Although embodiments of the present invention have been described in connection with the accompanying drawings, various modifications and variations may be made by those skilled in the art without departing from the spirit and scope of the invention, and such modifications and variations are within the scope of the invention as defined by the appended claims.

Claims

1. The lightweight infrared target detection method based on the improved PF-YOLO is characterized by comprising the following steps of:

2. The method for detecting a lightweight infrared target based on improved PF-YOLO as claimed in claim 1, wherein in the step 1, an anchor frame is regenerated for the image by a K-means clustering method.

3. The method for lightweight infrared target detection based on modified PF-YOLO as claimed in claim 1 or 2, wherein the infrared target pretreatment process in step 1 includes a Mosaic enhancement process.

4. The method for detecting a lightweight infrared target based on improved PF-YOLO as claimed in claim 1, wherein in the step 2, feature extraction is performed on the image processed in the step 1 by using a feature extraction network cspdarknet53_tiny as a backbone network.

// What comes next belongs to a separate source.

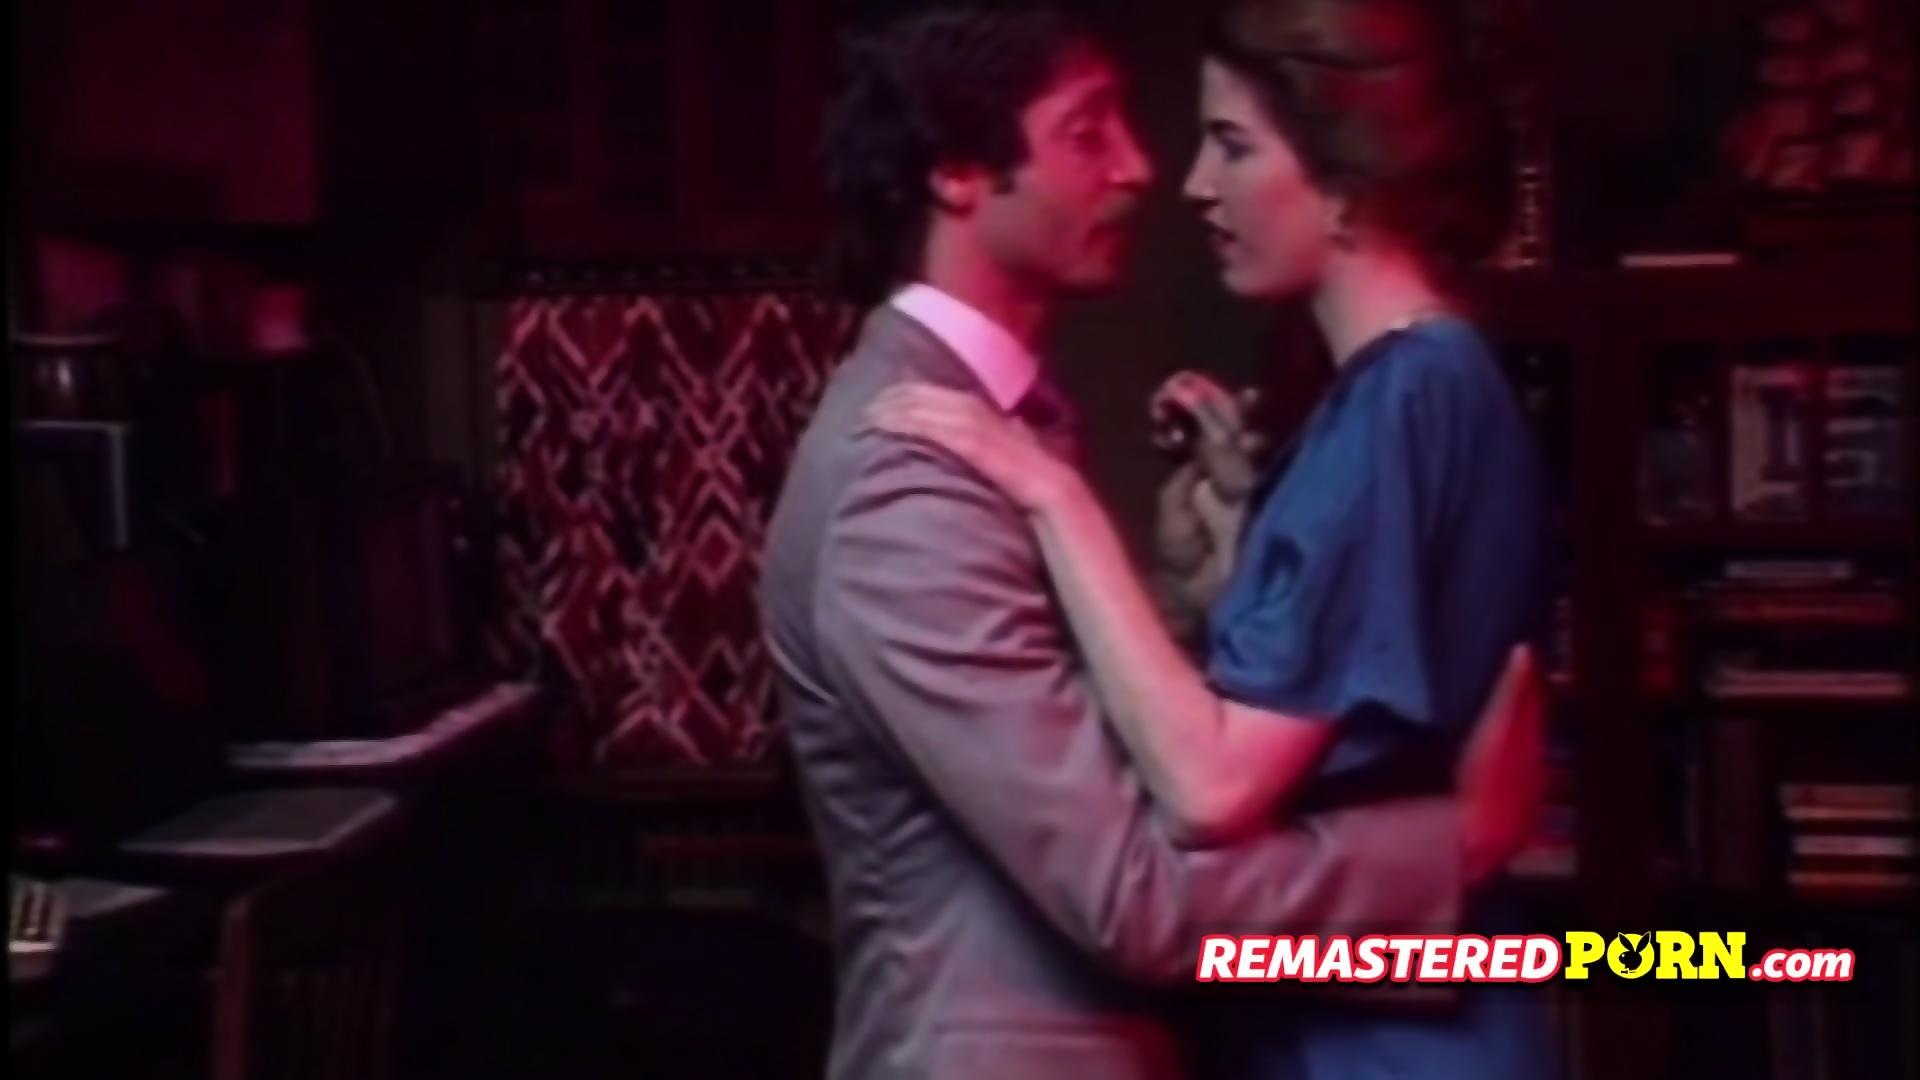 Hot Romantic Lesbian Sex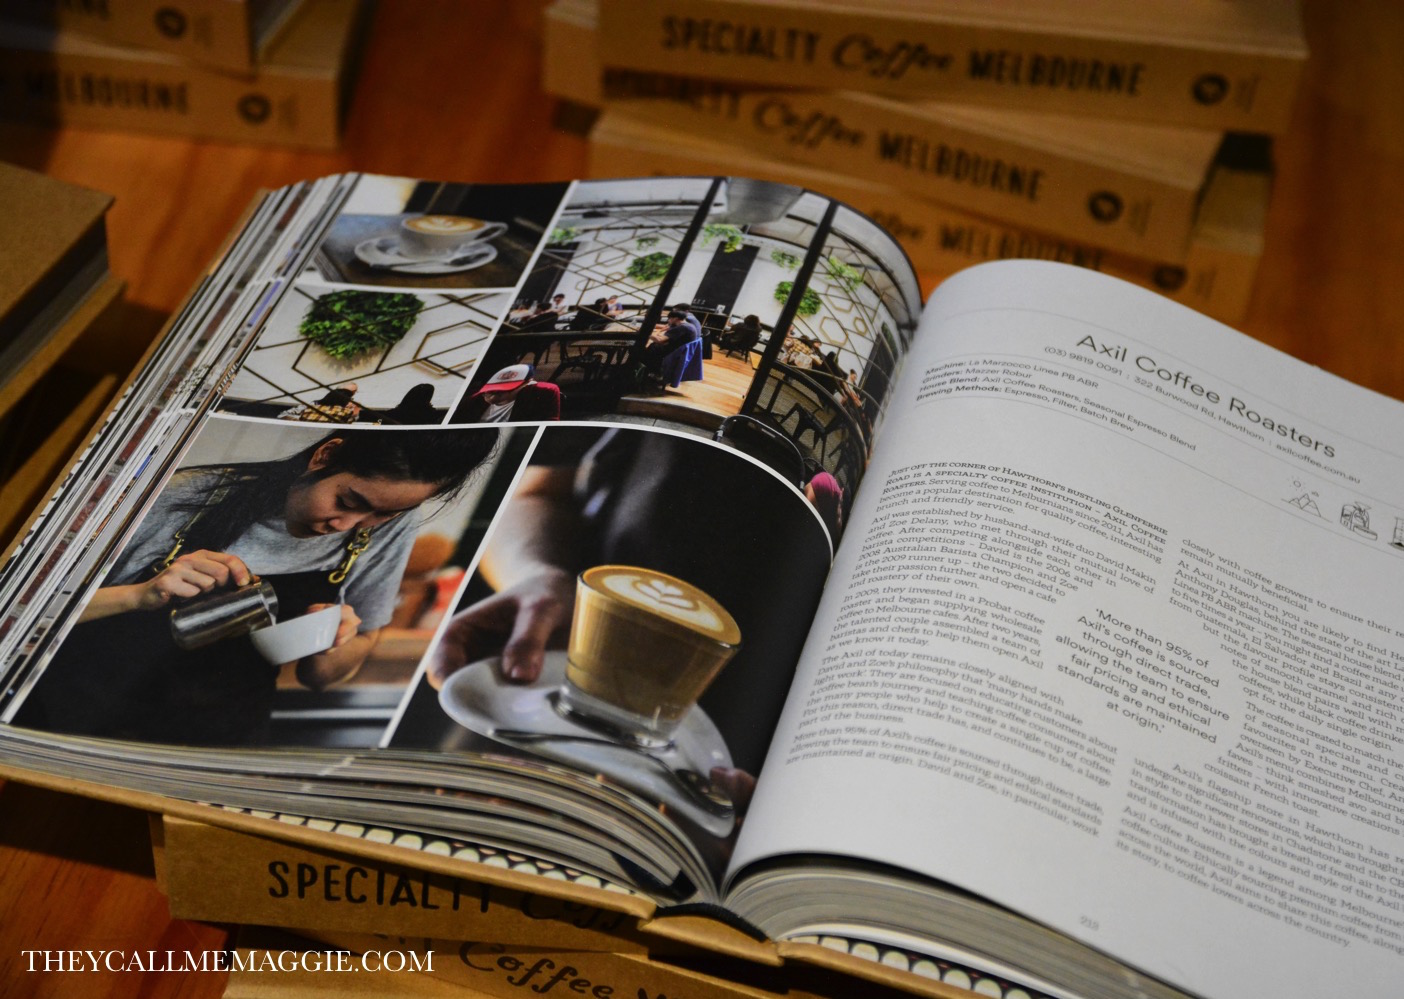 specialty-coffee-book.jpg

5. The method for detecting a lightweight infrared target based on improved PF-YOLO as claimed in claim 1, wherein in the step 3, the feature map is first subjected to enhanced target feature processing, and then enhanced receptive field is performed.

6. The method for lightweight infrared target detection based on improved PF-YOLO of claim 1 or 5, wherein in step 3, the target feature is enhanced by channel attention mechanism, and then the network receptive field is enhanced by spatial pyramid pooling method.

7. The improved PF-YOLO based lightweight infrared target detection method of claim 6 wherein the convolutions in the spatial pyramid pooling method are depth separable convolutions.

8. The lightweight infrared target detection method based on improved PF-YOLO of claim 1, wherein in step 4, the feature pyramid method is an improved feature pyramid method, specifically: adding a bottom-up pyramid structure, namely adding a fusion path, in the feature pyramid method; the convolution in the feature pyramid approach is a depth separable convolution.

9. The method for lightweight infrared target detection based on improved PF-YOLO of claim 1, wherein in step 5, the result of YOLO Head output is processed by soft-nms algorithm.